W niedzielny wieczór reprezentacja Polski została zmiażdżona w Kazaniu przez Kolumbię (0:3) i straciła szansę na udział w fazie pucharowej mistrzostw świata.
"Tschuessikowski, Lewandowski!" - rozpoczynają swój artykuł dziennikarze "Sport Bilda", a "tschuess" w języku niemieckim oznacza "do widzenia".
Nasi zachodni sąsiedzi piszą o kolejnej, po porażce z Senegalem, wielkiej plajcie Lewandowskiego i całej reprezentacji. "Napastnik Bayernu znów praktycznie nic nie pokazał, a chciał wykorzystać mundial jako wielką scenę do pożegnania Monachium" - stwierdzono.
Jeszcze trzy lata kontraktu
Dziennik przypomina, że Polak za pośrednictwem swojego agenta Piniego Zahaviego poinformował Bayern, że potrzebuje nowych wyzwań, że chce opuścić Bawarię. "Po tym występie w Rosji Lewa może się cieszyć, że jego kontrakt z Bayernem obowiązuje do 2021 roku" - skwitowano.
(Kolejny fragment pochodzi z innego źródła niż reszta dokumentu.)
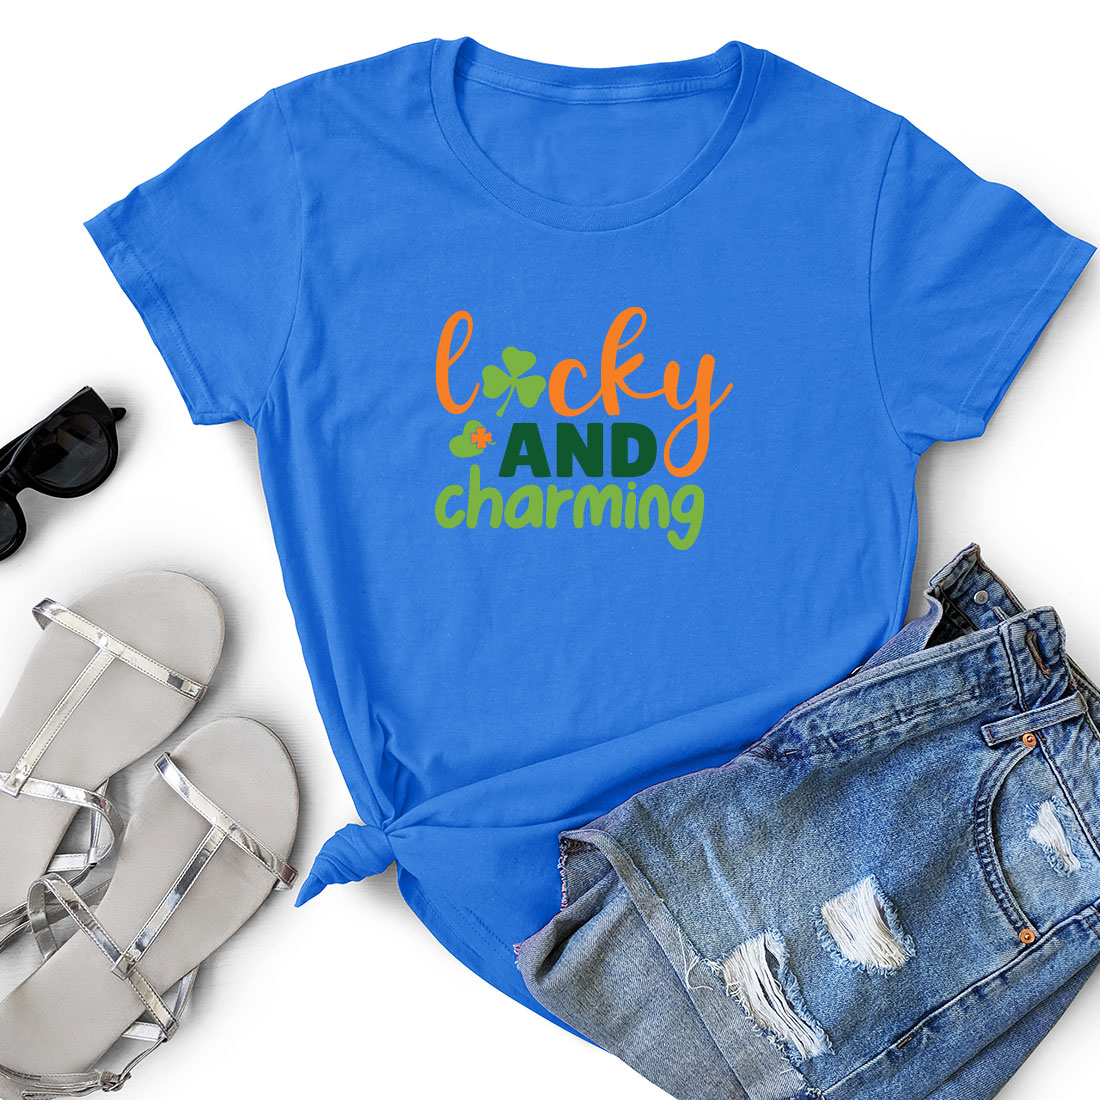 T - shirt that says cheeky and crayon next to a pair.

"Najlepszym sposobem na uciszenie głosów krytyki było zagranie możliwie najlepszego meczu i po prostu strzelanie goli" - napisano i przypomniano fatalną statystkę "Lewego" z mecz z Senegalem - tylko 32 kontakty z piłką i dwa strzały.
Na przeciwnym do Lewandowskiego biegunie znalazł się inny gracz Bayernu, Kolumbijczyk James Rodriguez. "James to zupełnie co innego!" - napisano i wystawiono mu najwyższą możliwą notę 1. Nic w tym dziwnego, rozgrywający zaliczył dwie asysty i bardzo mocno przyczynił się do wyrzucenia Polaków z mundialu.